ACTION ITEM >>
Where the data below contains pictures, omit them; output the rest word for word.

COLLECTED DATA >>
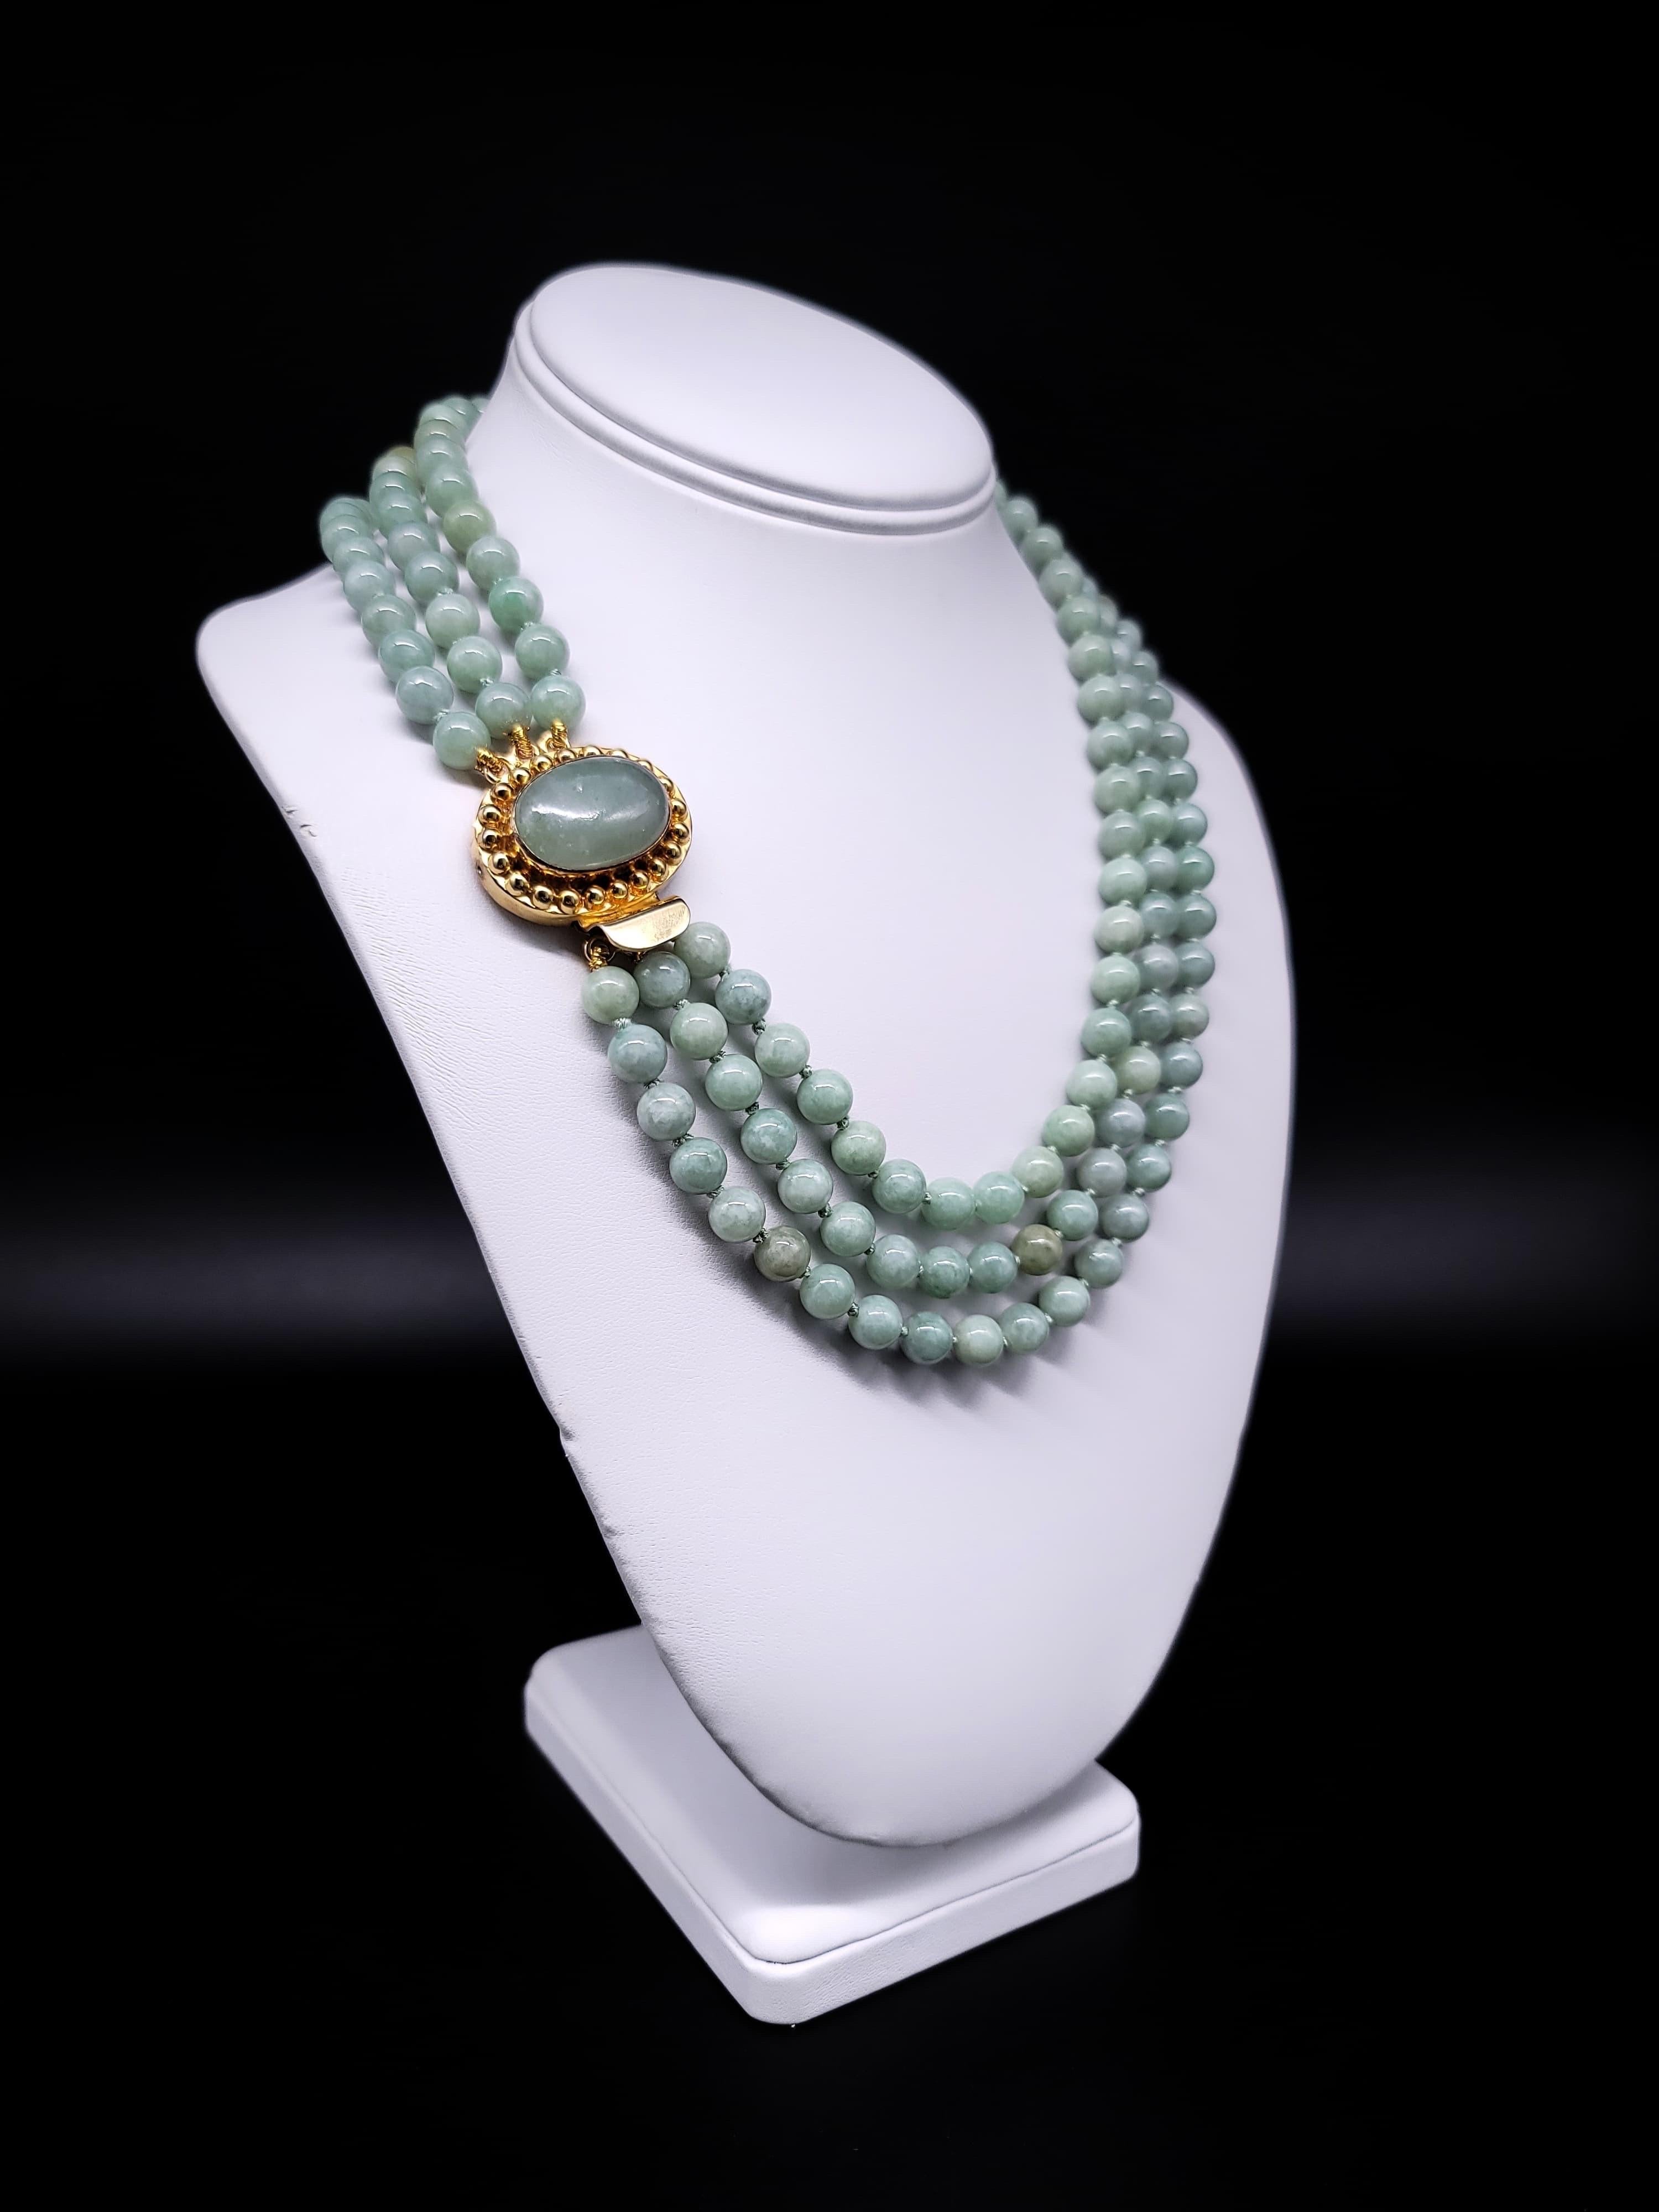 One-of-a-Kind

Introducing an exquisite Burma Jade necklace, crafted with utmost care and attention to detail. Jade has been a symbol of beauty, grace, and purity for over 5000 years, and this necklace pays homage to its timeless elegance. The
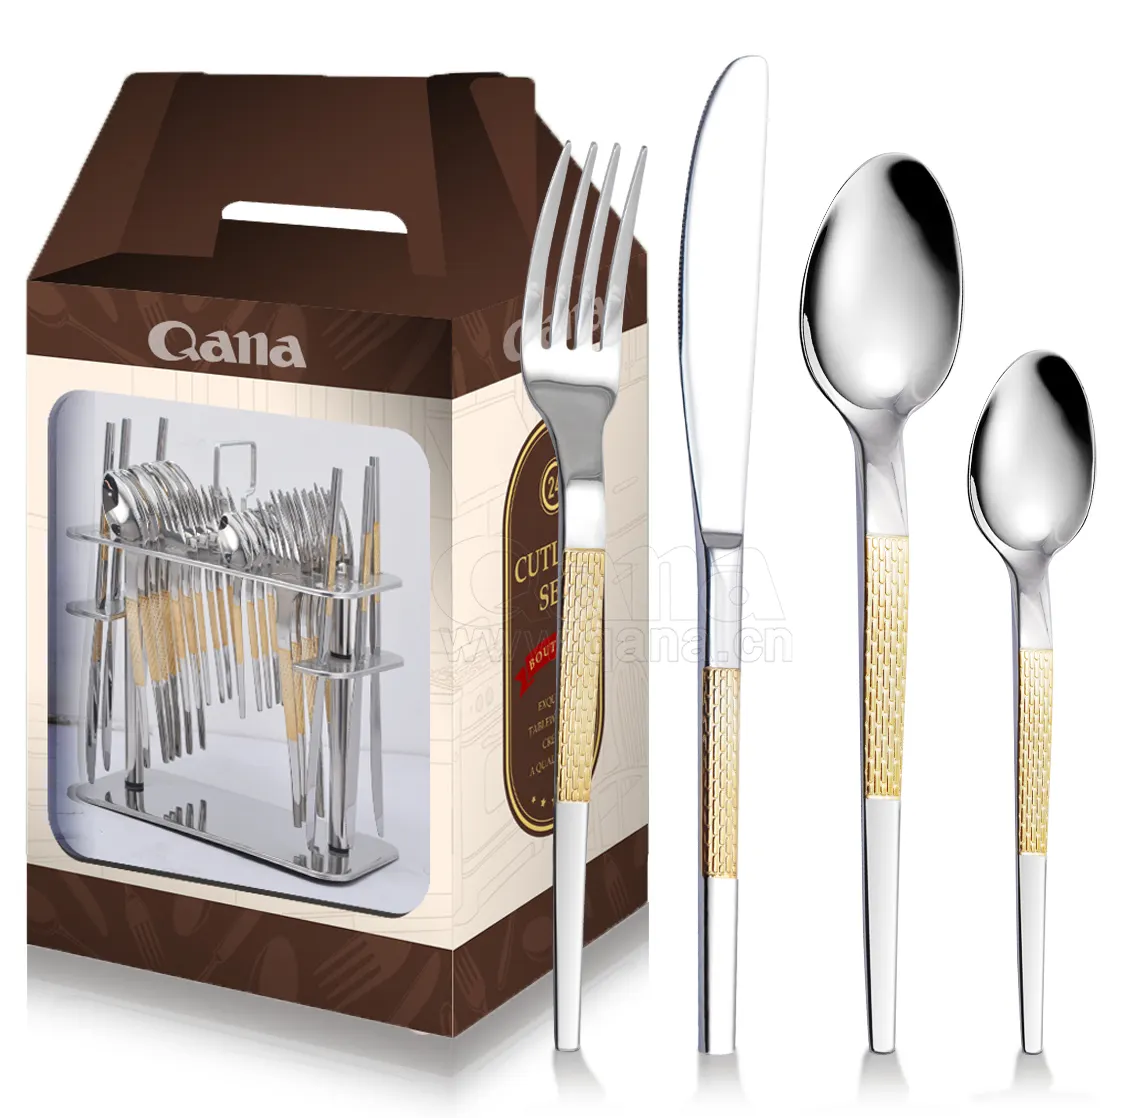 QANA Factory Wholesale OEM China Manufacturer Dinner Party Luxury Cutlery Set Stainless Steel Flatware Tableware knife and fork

FINAL ANSWER >>
 One-of-a-Kind

Introducing an exquisite Burma Jade necklace, crafted with utmost care and attention to detail. Jade has been a symbol of beauty, grace, and purity for over 5000 years, and this necklace pays homage to its timeless elegance. The
 QANA Factory Wholesale OEM China Manufacturer Dinner Party Luxury Cutlery Set Stainless Steel Flatware Tableware knife and fork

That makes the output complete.